== Data for this task
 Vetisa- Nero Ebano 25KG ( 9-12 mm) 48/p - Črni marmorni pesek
====
== Data for this task
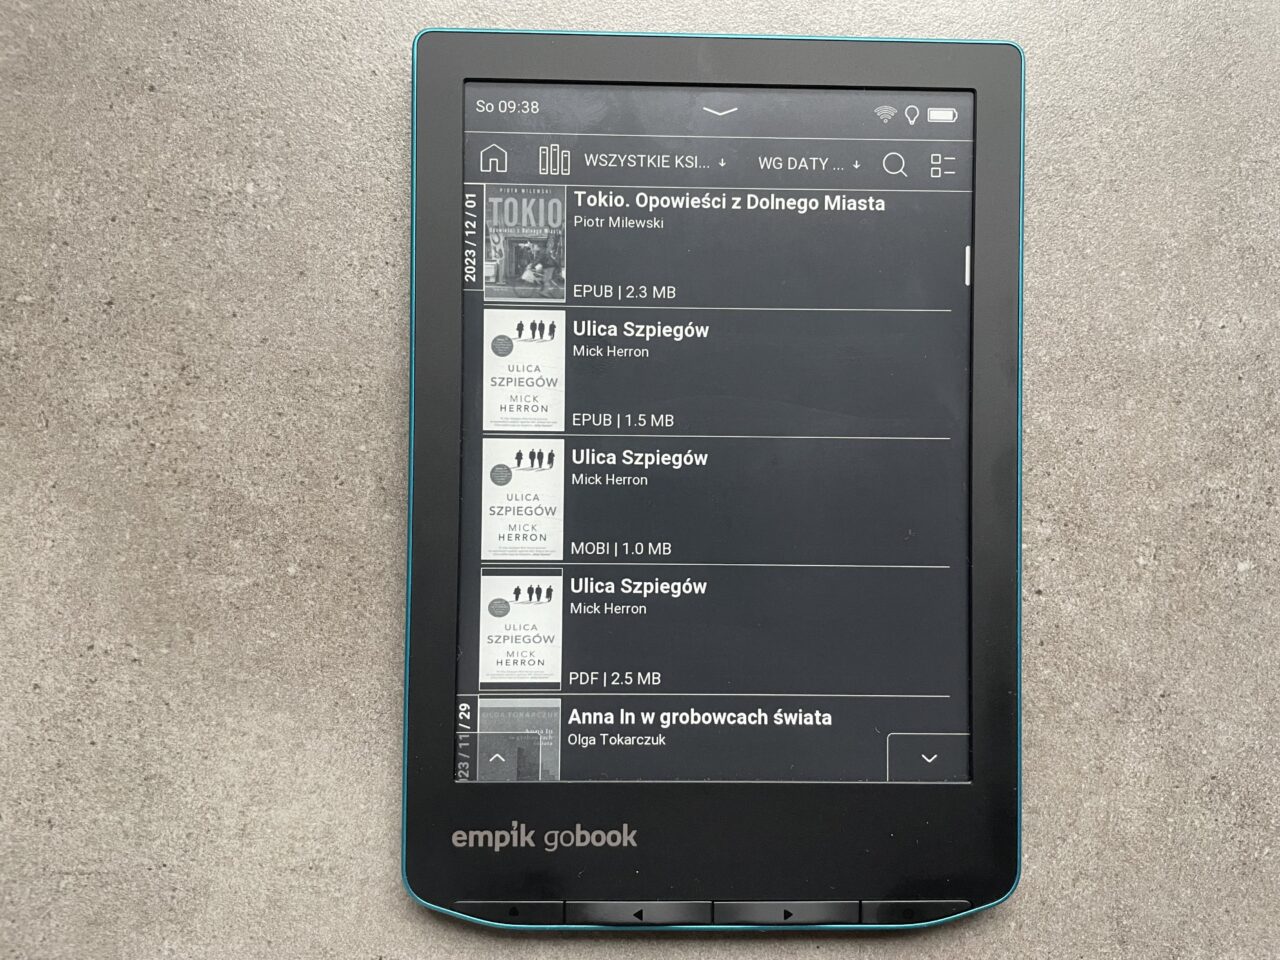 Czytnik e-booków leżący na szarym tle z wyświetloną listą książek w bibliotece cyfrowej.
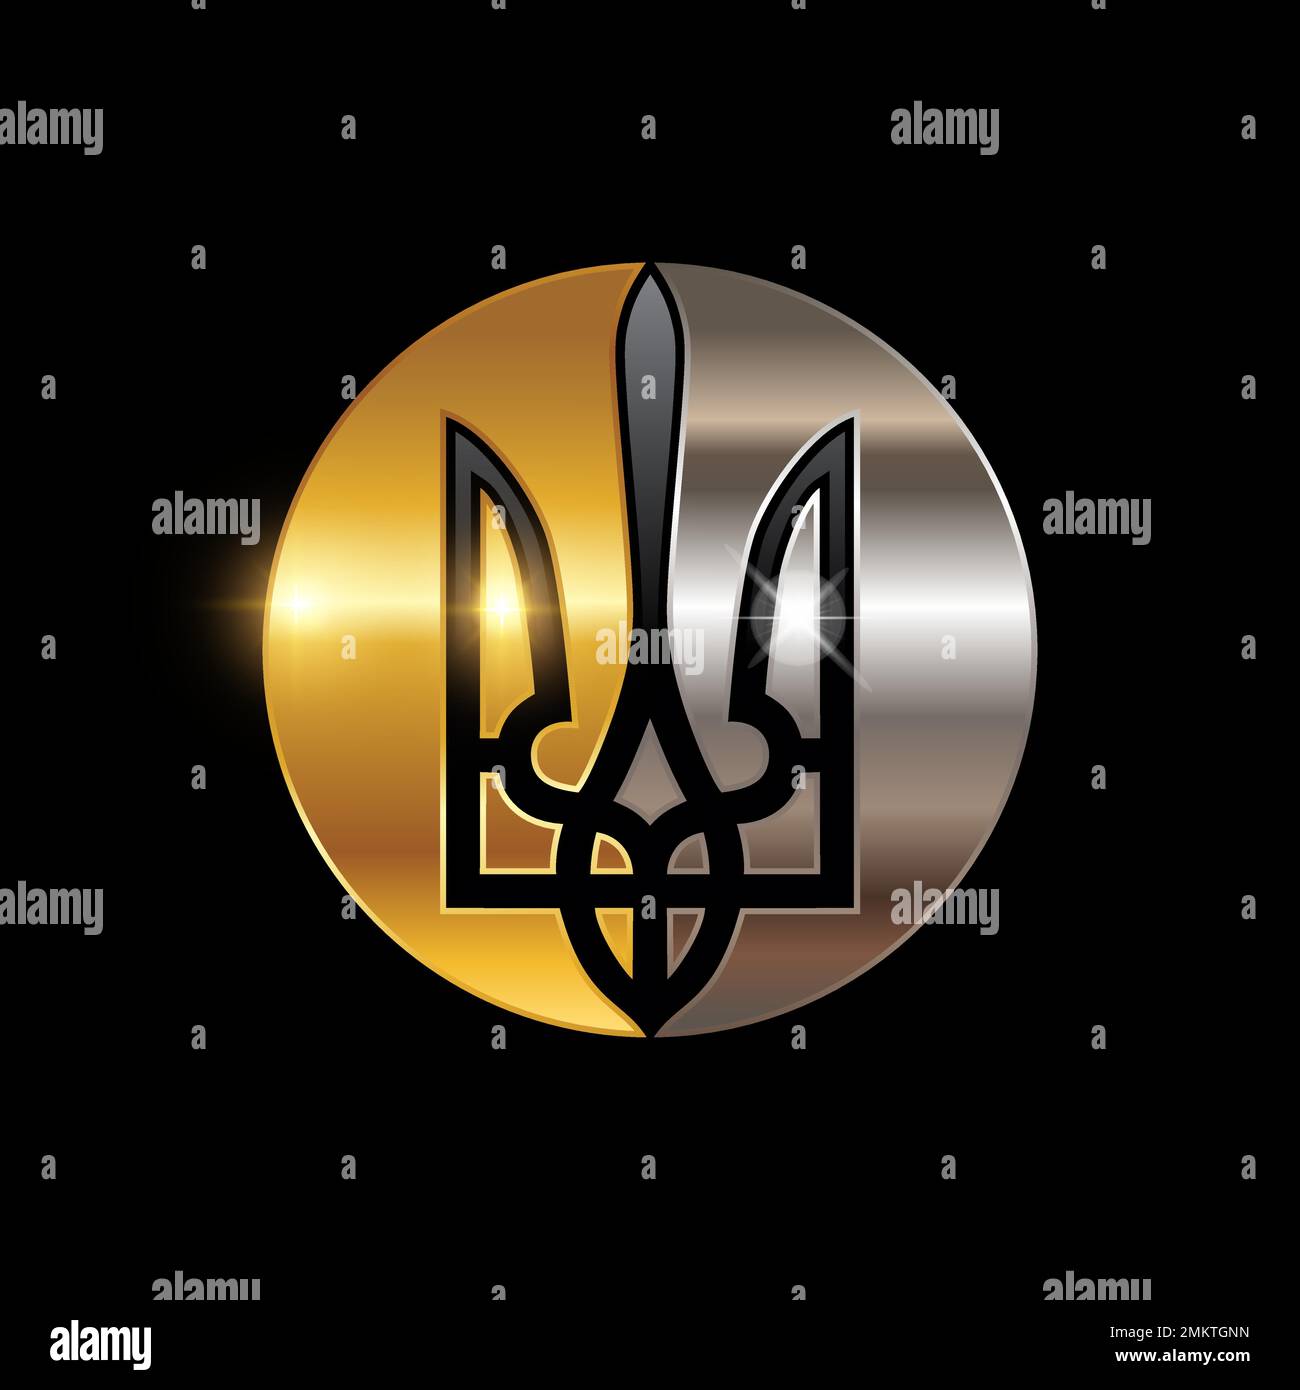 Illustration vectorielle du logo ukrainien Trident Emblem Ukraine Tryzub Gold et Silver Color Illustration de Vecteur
====
• **Exercise prompt**
Using the entries above, transcribe exactly from the line that has "Czytnik e-booków leżący" through the line that has "Illustration vectorielle du". Pictures are dropped.

• **Completed task**
 Czytnik e-booków leżący na szarym tle z wyświetloną listą książek w bibliotece cyfrowej.
 Illustration vectorielle du logo ukrainien Trident Emblem Ukraine Tryzub Gold et Silver Color Illustration de Vecteur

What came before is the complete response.